Uber tends to be one of those companies that draws a strong response from people. They either love the democratization of the transportation industry or they see an evil technology upending the general way things are done. People publicly voice their anger over protectionist and anti-competitive measures taken by the traditional cab industry to stall Uber’s growth, or people complain about the evil of surge pricing and lack of screening of drivers.
Like most things in life- the answer is somewhere in between. Yes- the transportation industry NEEDED to be disrupted, especially in SF where Uber originated and it used be to a running joke about how it was impossible to catch a cab anywhere. However, Uber’s global domination and emergence as a potential monopolist is absolutely scary, especially considering its “evil” streak.
We need the taxi industry and we need more Uber clones. While Uber’s business has extremely low barriers to entry, scaling an on demand marketplace to reach liquidity between supply and demand is one of the hardest things for a business to accomplish. Not only do their need to be drivers on the road in every single operable city, but there need to be an equal or similar volume of riders requesting service at the same time. This is where rivals like Sidecar have not been able to beat Uber- one or two times a rider checks Sidecar and there are no drivers, they stop checking the app fairly quickly.
There could easily be a number of good competitors, however. The service Uber is providing is “multi-honing,” (yes business school people walk with me here) meaning consumers don’t have to stick with one absolutely option. They can use Uber, Lyft and any number of other services without harmful consequences for not picking one. Sure, in the long run, there might be incentives for sticking with one over the other, but when you’re stuck in the rain outside trying to get home, you probably don’t care.

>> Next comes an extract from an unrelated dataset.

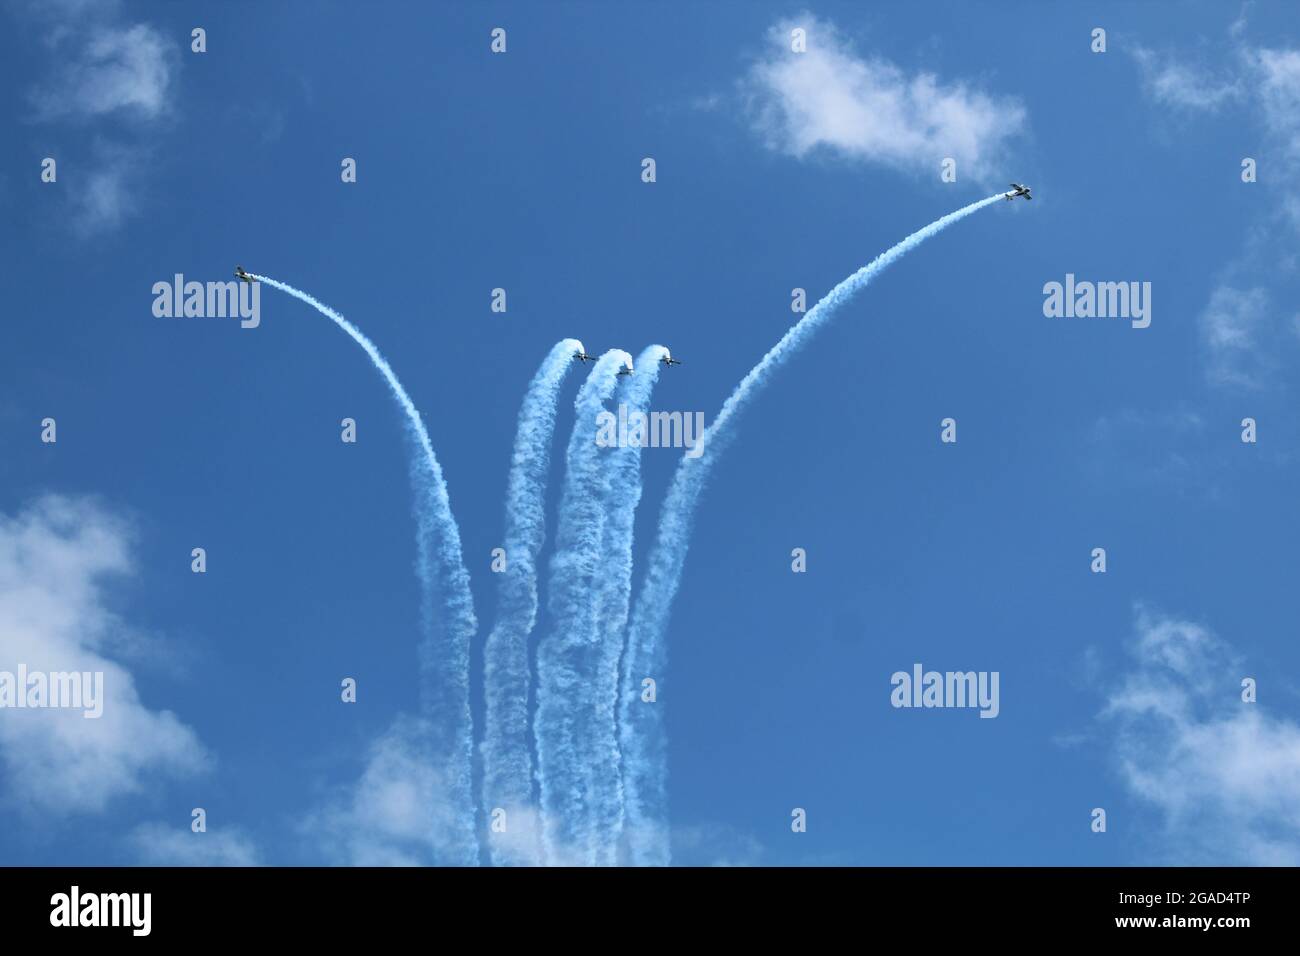 Acrobatic aricraft flying high speed maneuvers Stock Photo

On the driver’s side of the market, Uber’s power is downright scary. Their marketing message is both brilliant and manipulative. “Come drive for Uber,” they told taxi cab drivers a few years ago. Then they undermined their own customers’ businesses by introducing UberX. Why not? It was good business. Drivers who make money on the side now who are not professionals enjoy the flexibility of the job. However, they shouldn’t be shocked when Uber releases self driving cars and cuts humans out of the process completely.
Yes dear friends, this is the story of potentially a monopoly gone rogue. Can you imagine what life would be like if Uber had complete pricing power? Surge pricing…all. the. time.
So we need taxis. They fulfill a critical function in many cities (especially NYC) and have established great standards to protect consumers that companies like Uber might consider emulating. We also need Google to come out with a competing service, and any number of other clones.